Rabu. Tanpa harap saya mengecek email Yahoo. Sekalian mengecek Gmail karena seorang sahabat meninggalkan pesan yang tampaknya penting. Saya agak kaget. Dua-duanya ada satu pesan baru.Seperti biasa, saya menunda membaca email Yahoo, yang mungkin dari Kompas. Saya membuka pesan yang di Gmail dulu. Dari sahabat saya. Barulah setelah tak bisa menghindar lagi—dari rasa penasaran sekaligus takut kecewa—saya membuka kotak masuk Yahoo. Sambil mengatakan dalam hati,”Kalau ditolak, harus kuat!”.

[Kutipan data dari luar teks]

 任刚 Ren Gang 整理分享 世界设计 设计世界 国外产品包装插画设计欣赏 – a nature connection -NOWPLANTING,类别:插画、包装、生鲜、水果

Subjeknya singkat dan jelas. “Pengembalian Artikel”. Yang mengirim Bre Redana, Redakturnya. Saya menguat-nguatkan hati. Selama tiga minggu saya memikirkan bagaimana kalimat yang akan dikirimkan kepada saya nanti. Pernah membuat saya tak tidur semalaman. Saya punya firasat akan ditolak. Tapi seperti yang biasa saya katakana,”Kita tahu. Tapi tak benar-benar paham sebelum terjadi.”
Teman saya menghibur.“Wah, bangga dong dikirimi email oleh Bre Redana. Tak apa tak dimuat. Yang penting, Bre Redana tahu ada penulis cerpen namanya Yauma. Ya?”Saya tak berkata apa-apa
Melihat saya diam, dia melanjutkan,”Jarang patah arang ya? Kita kirim ke Playboy!”
Esoknya saya jadi penasaran, bagaiman cerpen yang Bre Redana kehendaki dan sesuai kompas. Mulailah saya bergerilya di Google. Saat saya ketik Bre Redana untuk melihat cerpen yang dia tulis, malah terbuka beberapa biografi singkat tentangnya.
Yang pertama di situs Djarum Black Innovation Awards. Di sana tertulis, Bre Redana adalah juri Djarum Black Innovation Awards. Kemudian, biografi lebih lengkap dimuat di Laman Pusat Bahasa. Bre Redana mulai menulis sejak kelas 2 STM, yang dikirim ke berbagai media. Karangannya juga coba dikirim ke harian Kompas, tetapi tidak ada satu pun yang diterima. Namun, di Sinar Harapan dan Merdeka-lah ia berjodoh. Tulisannya banyak dimuat.
Ia beroleh honor yang memadai sebagai penulis di harian ibu kota itu.
Ironisnya, baru saja lulus sarjana muda dari Satya Wacana, tahun 1981, Bre Redana malah diterima sebagai wartawan di harian Kompas yang sebelumnya tidak pernah menerima satu pun tulisannya. Bahkan sekarang beliau adalah editor desk non-berita Kompas.